A process as claimed in claim 2, wherein the efficiency of the catalytic device may be determined through an integration of the difference between exhaust gas temperature and the target temperature over one or more regeneration cycles.
A process as claimed in claim 2 or claim 3, wherein the step of determining the exhaust gas temperature downstream of the catalytic device comprises recording the exhaust gas temperature at intervals over a complete regeneration cycle and determining the mean exhaust gas temperature as an average of the measured temperature over a plurality of selected intervals during said complete regeneration cycle, the step of adjusting at least one operating parameter of the engine occurring over one or more subsequent regeneration cycles.
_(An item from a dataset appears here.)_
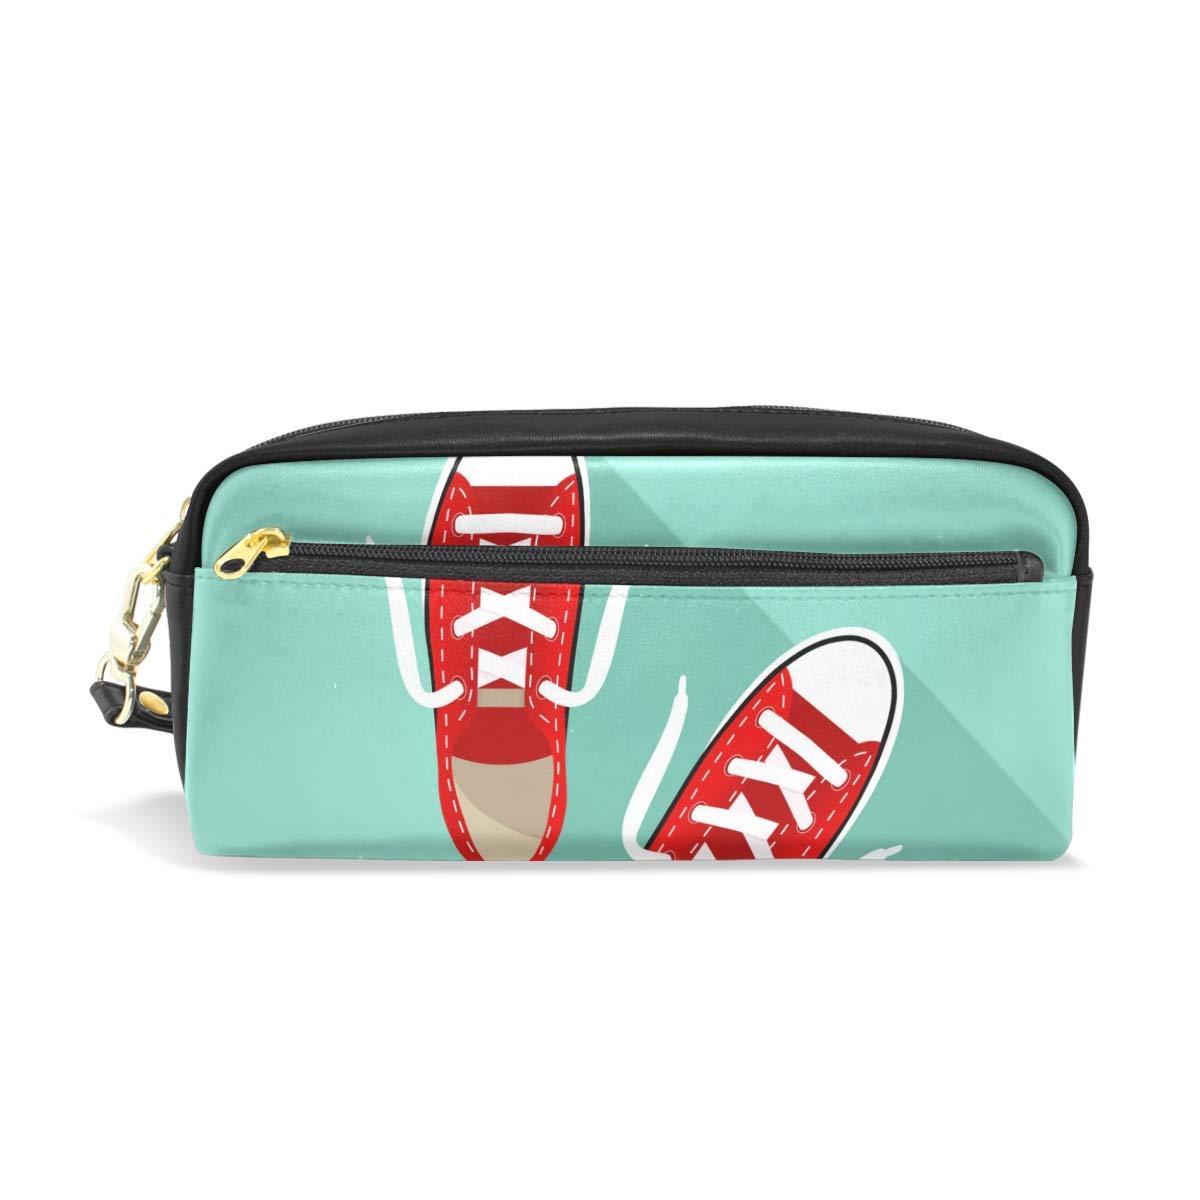 Estuche de piel para lápices, diseño de zapatillas rojas sobre fondo turquesa: Amazon.es: Oficina y papelería

A process as claimed in any of claims 2 to 4, wherein the step of determining the exhaust gas temperature downstream of the catalytic device comprises filtering the recorded temperature values used to determine the average exhaust gas temperature and using only those recorded values where the first order differential of the temperature difference between successive recorded values falls below a predetermined value, or is zero in order to minimise transient effects.
A process as claimed in claim 4 or claim 5, the averaging process is only based upon those values corresponding to those operating points where the target temperature can be reached with fully functioning catalytic activity.
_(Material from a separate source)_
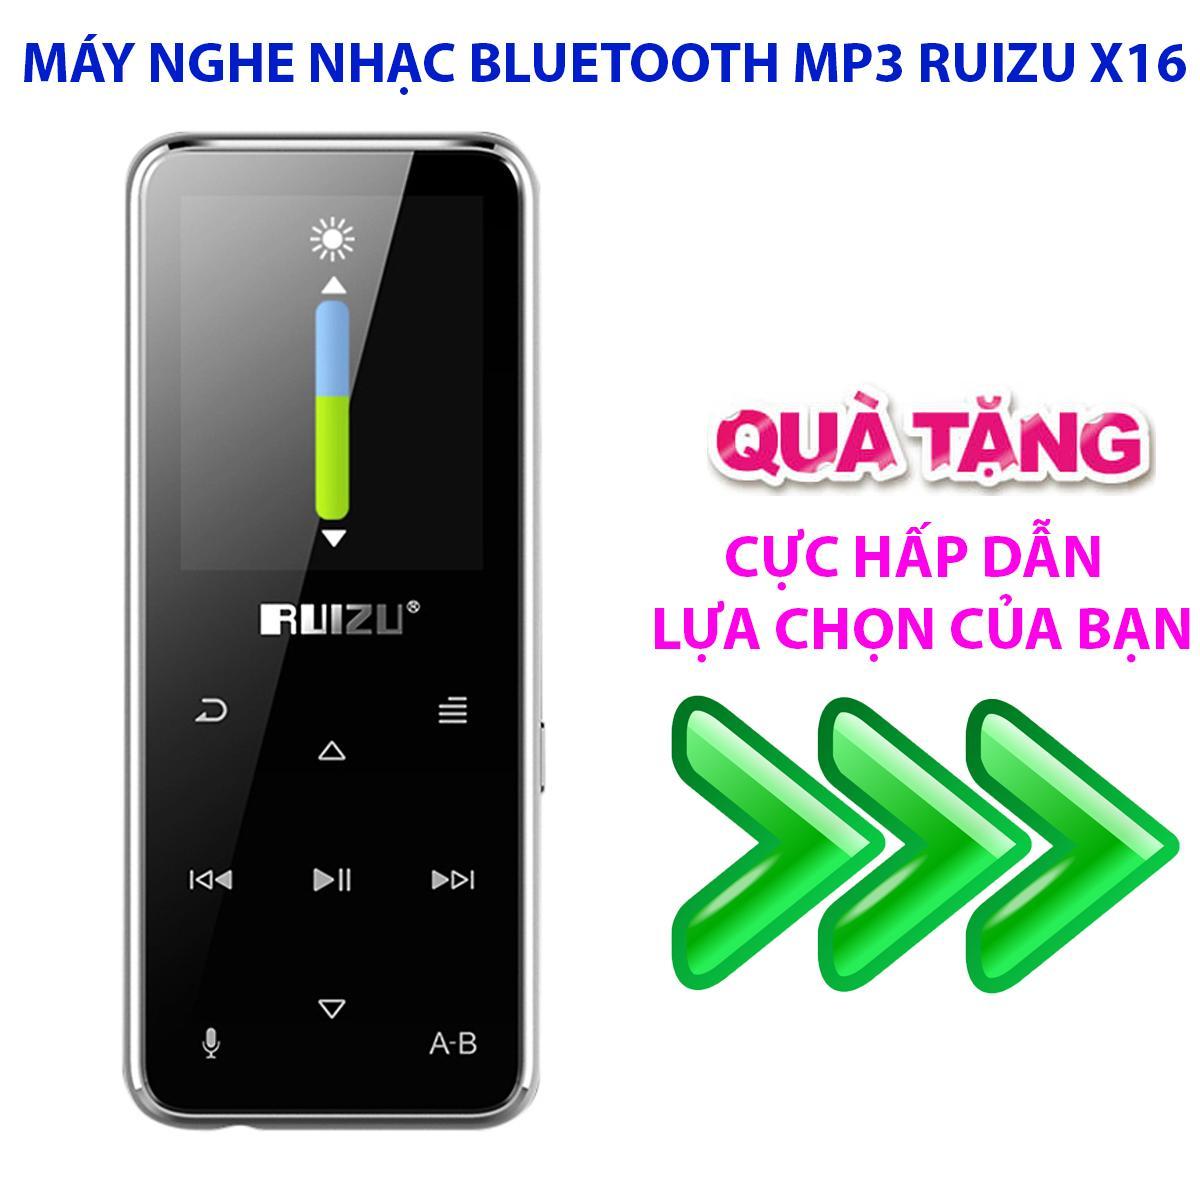 Máy Nghe Nhạc Kĩ Thuật Số Mp3 Bluetooth RUIZU X16 (8GB)

A process as claimed in any of claims 3 to 6, wherein measurements of engine load and engine speed are recorded along with exhaust gas temperature and the recorded values are filtered such that those recorded temperatures associated with engine load/speed conditions known not to be able to achieve the temperature target are not utilised in the determination of the average exhaust gas temperature (or, alternatively, are taken into account with a lower temperature target when calculating the temperature differential).
A process as claimed in claim 7, wherein a lag filter is used to filter the measurements of engine load and speed in order to take into account thermal inertia.
A process as claimed in claim 7 or claim 8, wherein a signal delay is used in the measurement of engine speed and load in order to take into account system transport delays.
A process as claimed in any preceding claim, wherein the operating parameters of the engine that are adjusted comprise main fuel injection timing and throttle position.
A process as claimed in claim 10, wherein the main fuel injection timing comprises a primary engine operating parameter which is adjusted.
A process as claimed in any preceding claim, wherein the adjustment of the operating parameter(s) of the engine is proportional to the difference between the determined mean exhaust gas temperature and the target temperature.
A process as claimed in any preceding claim, wherein the magnitude of engine operating parameter adjustment for each operating parameter of the engine to be varied is limited to a maximum adjustment value.
A process as claimed in any preceding claim, wherein the adjustment of an engine operating parameter is phased in over two or more consecutive regeneration cycles.
A process as claimed in any preceding claim, wherein the priority and scheduling of adjustment of each engine operating parameter to be adjusted may be predetermined by means of a temperature compensation algorithm, preferably as a function of the degree of temperature difference between the determined mean exhaust gas temperature over a regeneration cycle and the target temperature.
A process as claimed in claim 1, wherein the efficiency of the catalytic device may be determined by determining the level of hydrocarbons and/or oxygen in the exhaust gas downstream of the catalytic device and comparing said level to a target level based on that achieved by a fully effective catalytic device.